Als Präsident Emmanuel Macron am 9. Dezember 2021 die Ziele der Ratspräsidentschaft bekannt gab, waren viele EU-Staaten skeptisch angesichts der äußerst ambitionierten Agenda, die zahlreiche Ein­zelpunkte enthielt, aber keine klare Priori­sierung aufwies. Unter dem Motto »Relance, Puissance, Appartenance« (Auf­schwung, Macht, Zugehörigkeit) hatte sich Paris vor allem im Bereich Sicherheits- und Verteidigungspolitik ein umfangreiches Programm vorgenommen, das von rüstungsindus­trieller Förderung bis zur Erhöhung der Einsatzfähigkeit viele Elemente abdeckte.

Im Nachhinein loben die meisten EU-Mitglieder die Ergebnisse, auch wenn die intensive Agenda bei kleineren Staaten zu Irritationen führte, weil ihnen die Personalressourcen fehlen, um dem vorgegebenen Rhythmus zu folgen. Angesichts von Pan­demie, russischem Angriffskrieg sowie Prä­sidentschafts- und Parlamentswahlen in Frankreich war der Ratsvorsitz von außer­ordentlichen Umständen bestimmt, was zahlreiche Anpassungen des Programms nötig machte.
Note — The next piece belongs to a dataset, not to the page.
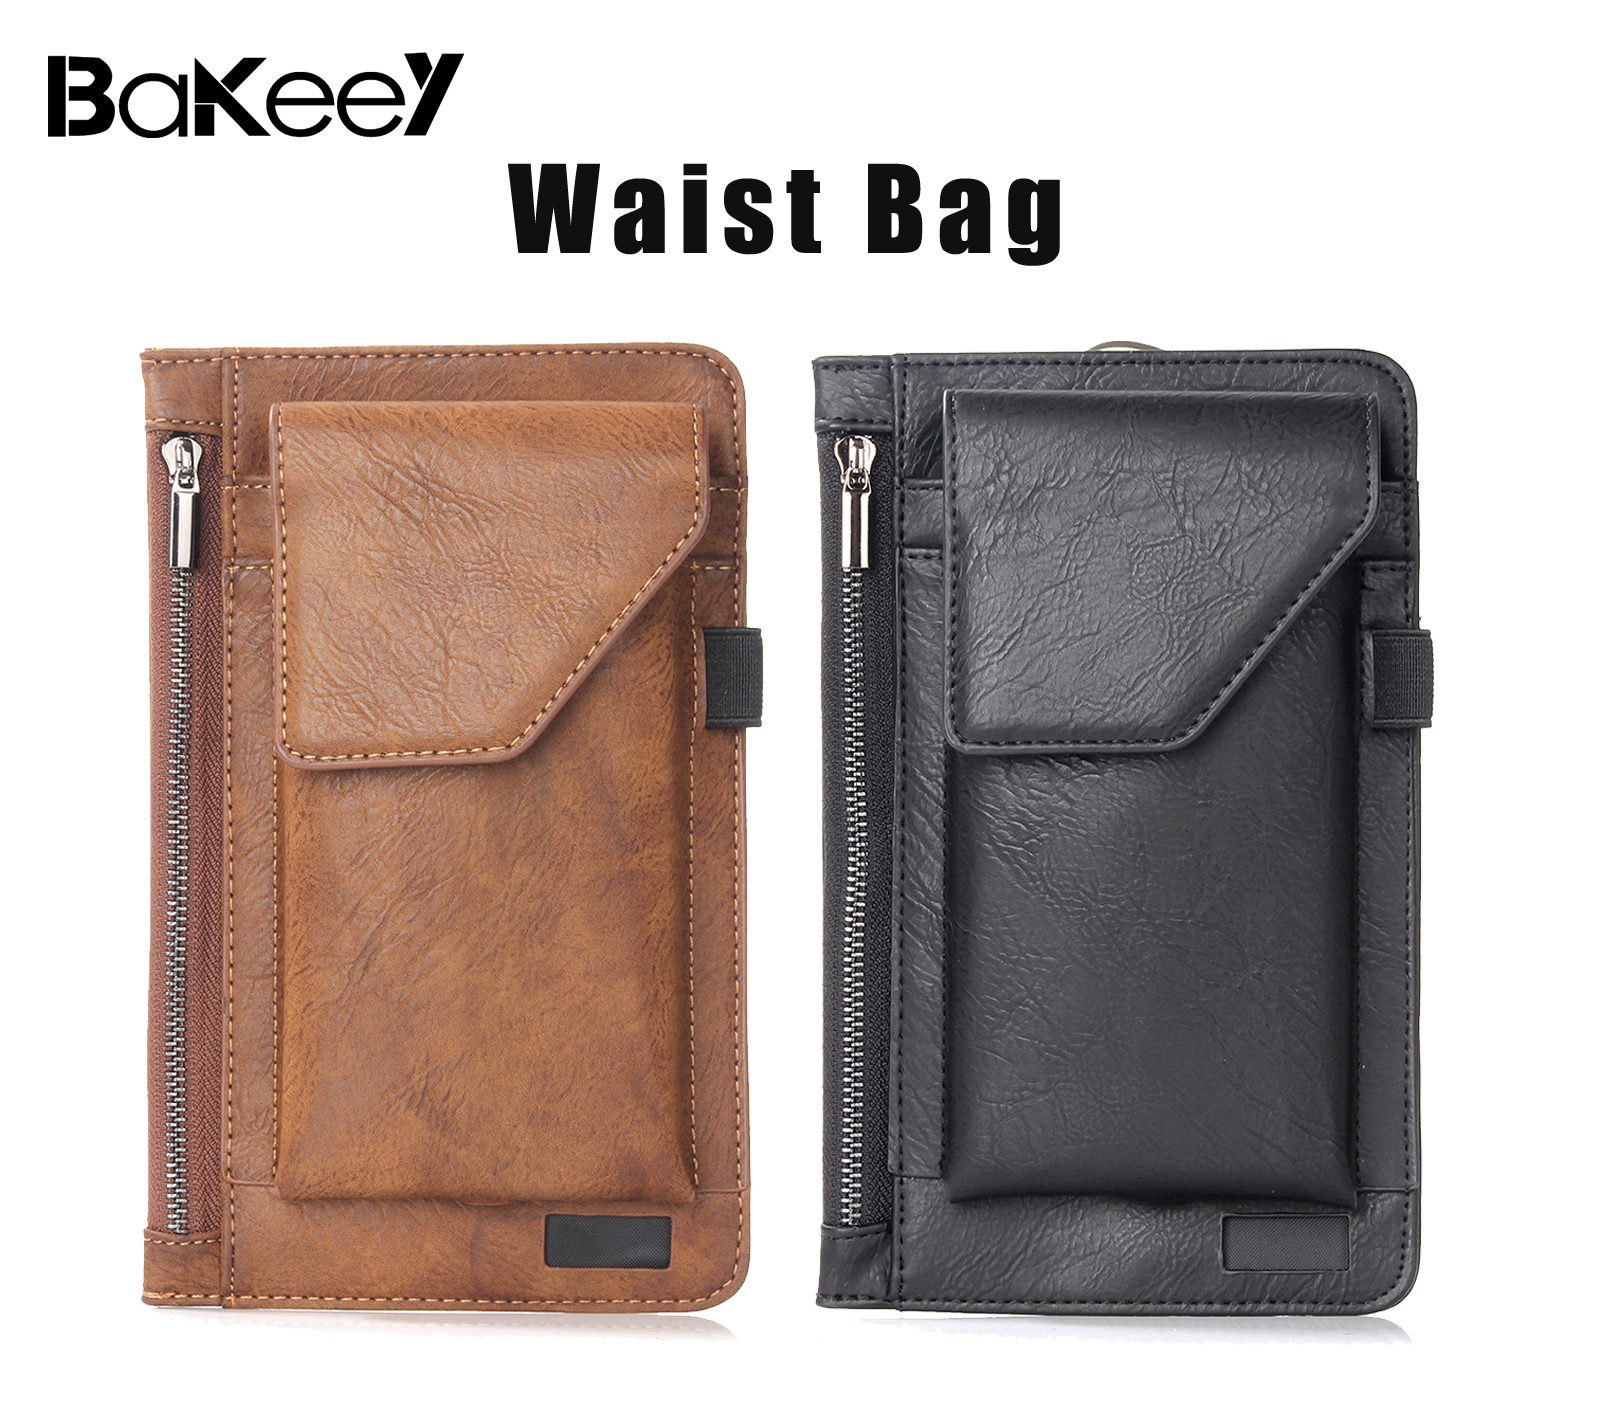 Bakeey-Casual-Vintage-Bussiness-Multi-Pocket-Reserve-Charging-Port-PU-Leather-Mobile-Phone-Money-Hik-1692248-1

Trotzdem konnte Paris beson­ders im Bereich Sicherheitspolitik Fortschritte erzielen.

Ein günstiger Kontext für die französische Agenda

Russlands Invasionskrieg hat zu einem brutalen Erwachen der Europäer geführt. Auf der einen Seite haben sie bewiesen, dass sie in Krisenzeiten in der Lage sind, schnell und energisch zu reagieren. Davon zeugen ihre beispiellosen Sanktionen gegen Moskau und Minsk, ebenso die Rüstungs­lieferungen an die Ukraine, die auch letale Waffen umfassen und durch die Euro­päische Friedensfazilität (EPF) erleichtert werden.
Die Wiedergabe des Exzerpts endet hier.